三日月を搬送していく艦娘に真司が叫んでいると、空から声が聞こえてきた。

もちろん声の主はマリーで、彼女達の身に起きたことも、

マイクを通じて真司達に伝わっていた。

 

“ねえ、シンジ……”

 

「マリー……。なんでこうなる前にやめられなかったんだよ!

三日月ちゃんも、お前達も!!」

 

“悪いね。アタシら、こんな生き方しかできなくてサ……。でも、ゴホゴホッ!

……最期に、聞いて欲しいんだ。分かって欲しいんだ。

……アンタら、本当にヤバいことしてるってこと。

その世界を放っておくと、マジで、ヤバいんだ……。ゴフッ!せめて、閉じるだけでいい。

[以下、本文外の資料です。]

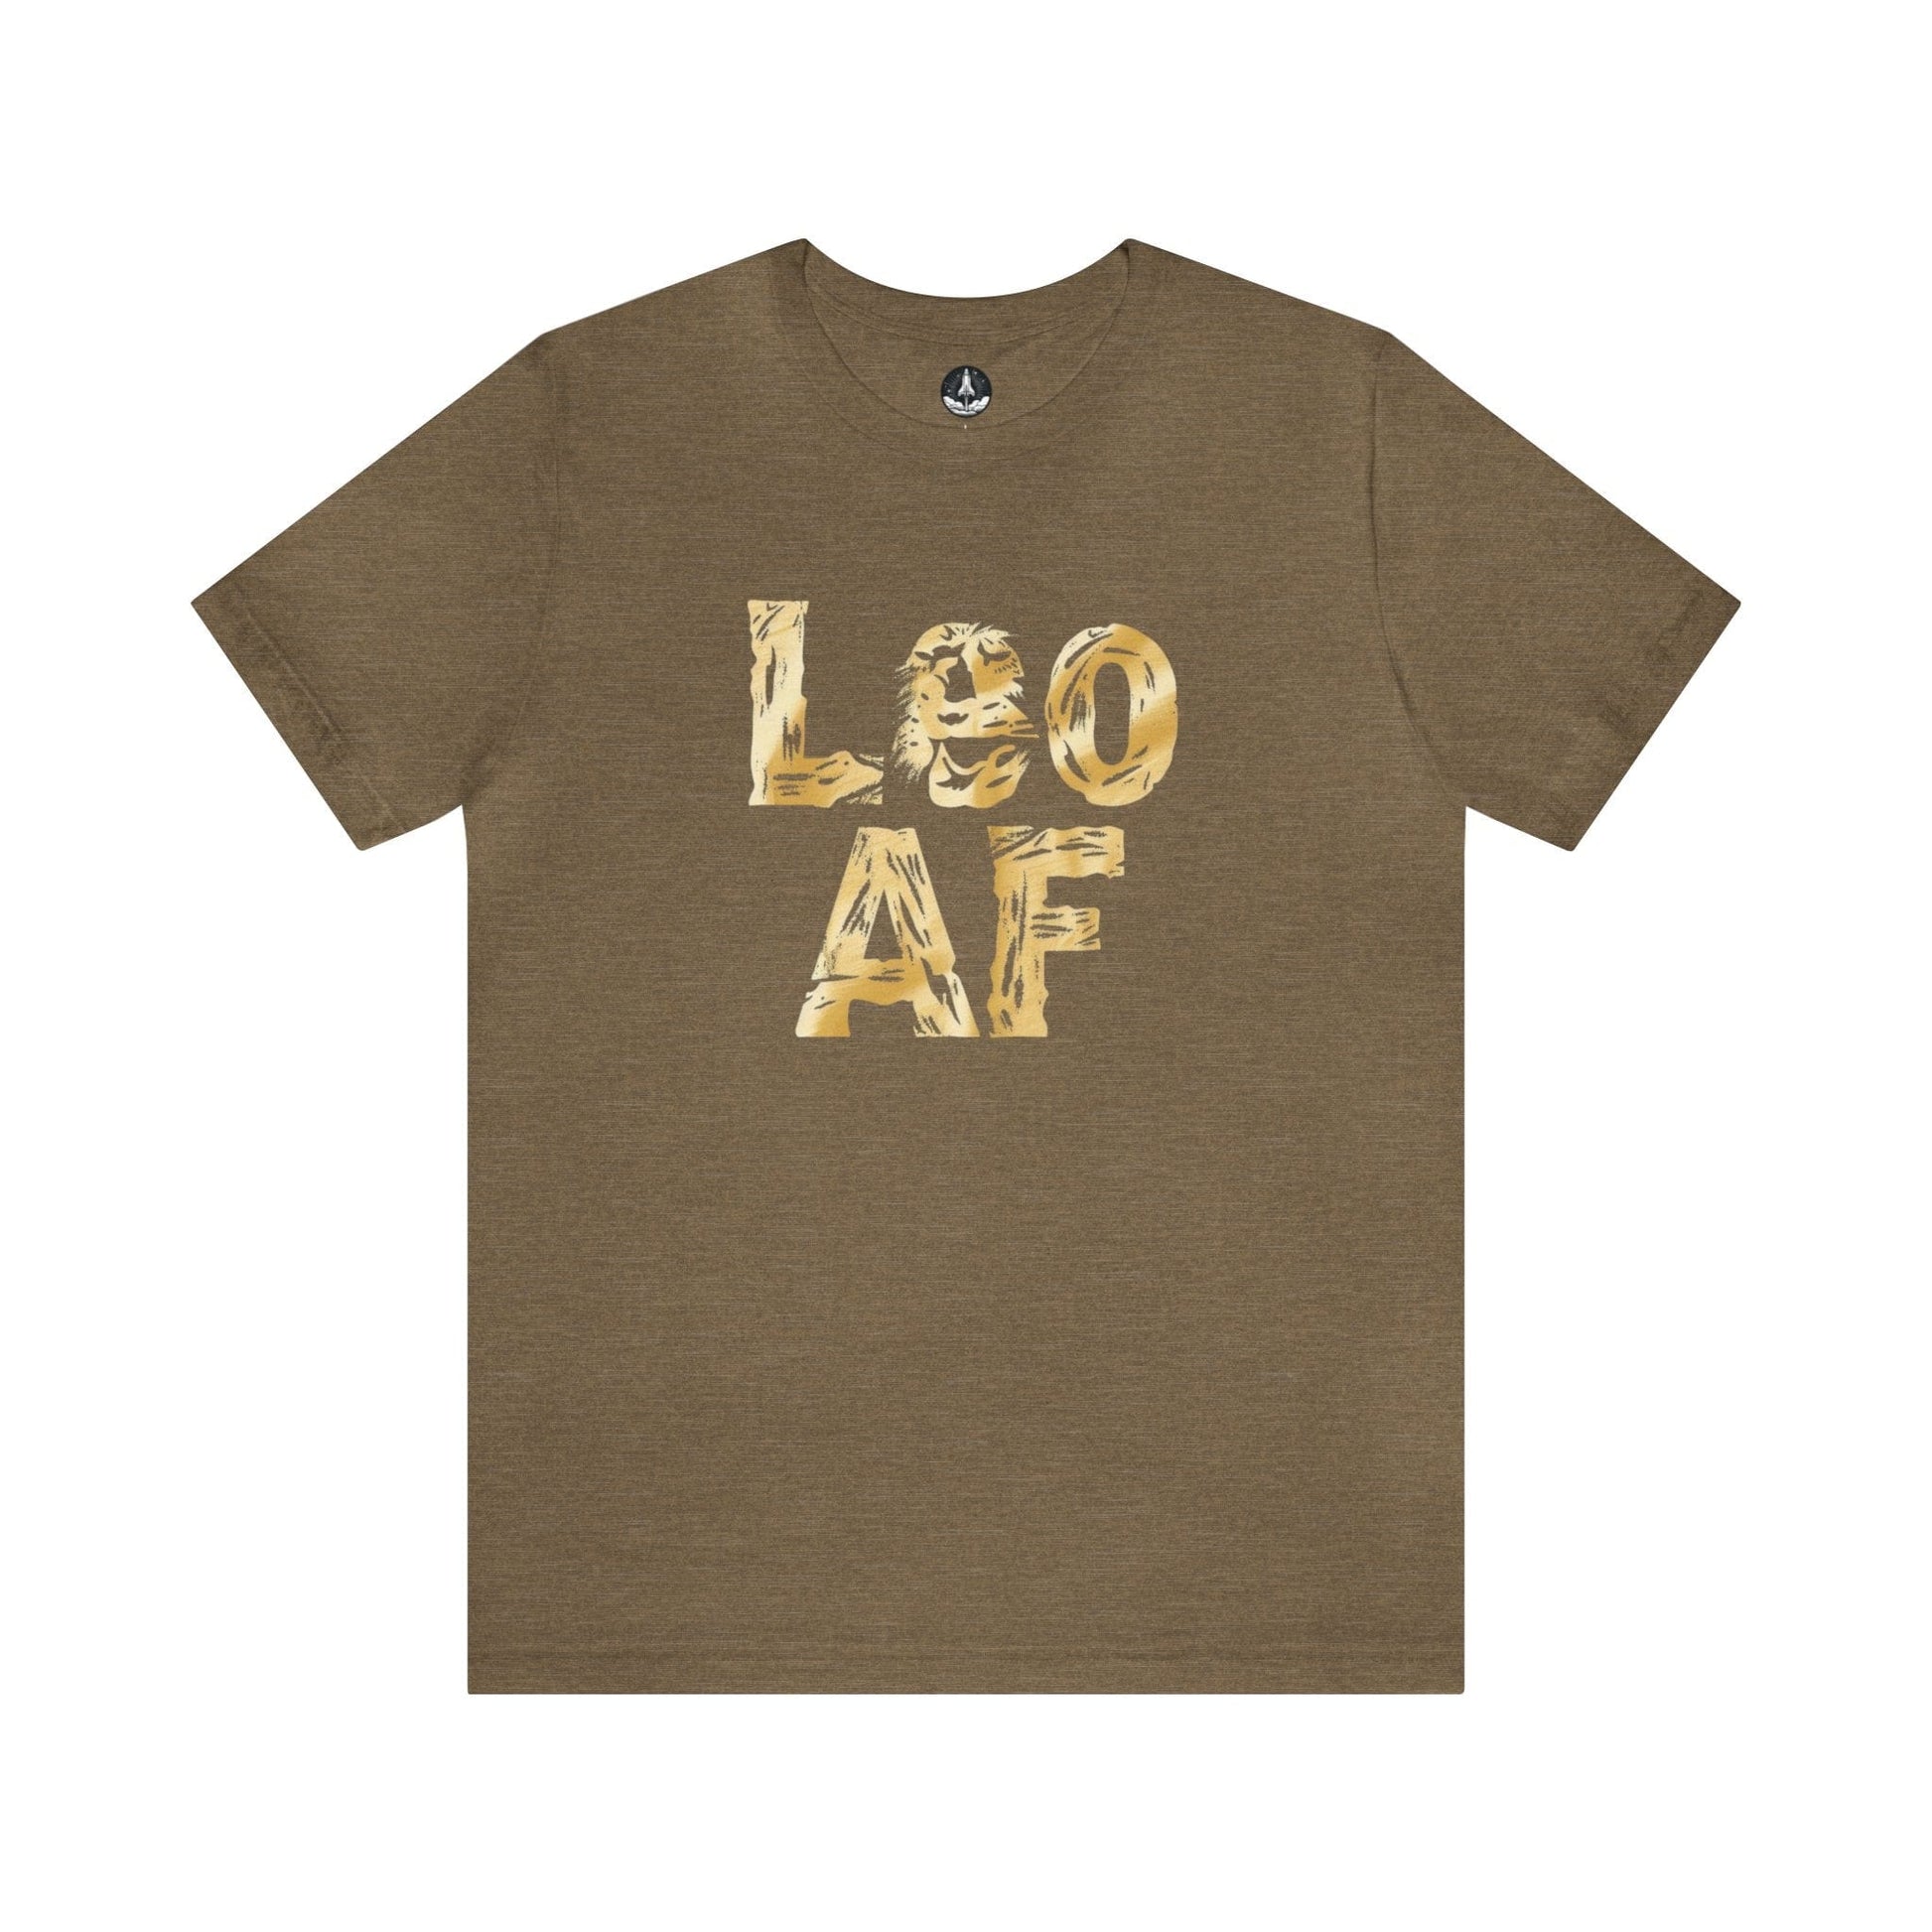 T-Shirt Heather Olive / S Leo AF T-Shirt

みんなを、守って。世界を、守ってよ。馬鹿な、女から、最期の、お願い……”

 

「おい、マリー、返事しろって!おいマリー!!」

 

もう返事はなかった。

真司は知る由もなかったが、その日、アメリカのダウンタウンにある一軒家が、

火災で焼け落ちたという。ニュースにも新聞にも載ることなく、

彼女達の戦いは幕を閉じた。真司は洋館の前で呆然と立ち尽くしていた。

 

「なんでだよ……。同じだよ。同じだったんじゃないか!」

 

みんなを助けたい、世界を守りたい。目的は同じだったのに。

仲間になれたかもしれないのに。

ただ手段を間違えた。それだけで争い、結果的に死なせることになってしまった。

 

「なんでこんなことになっちゃうんだよ!!」

 

誰もいなくなった広場で真司は何かに向かって叫んだ。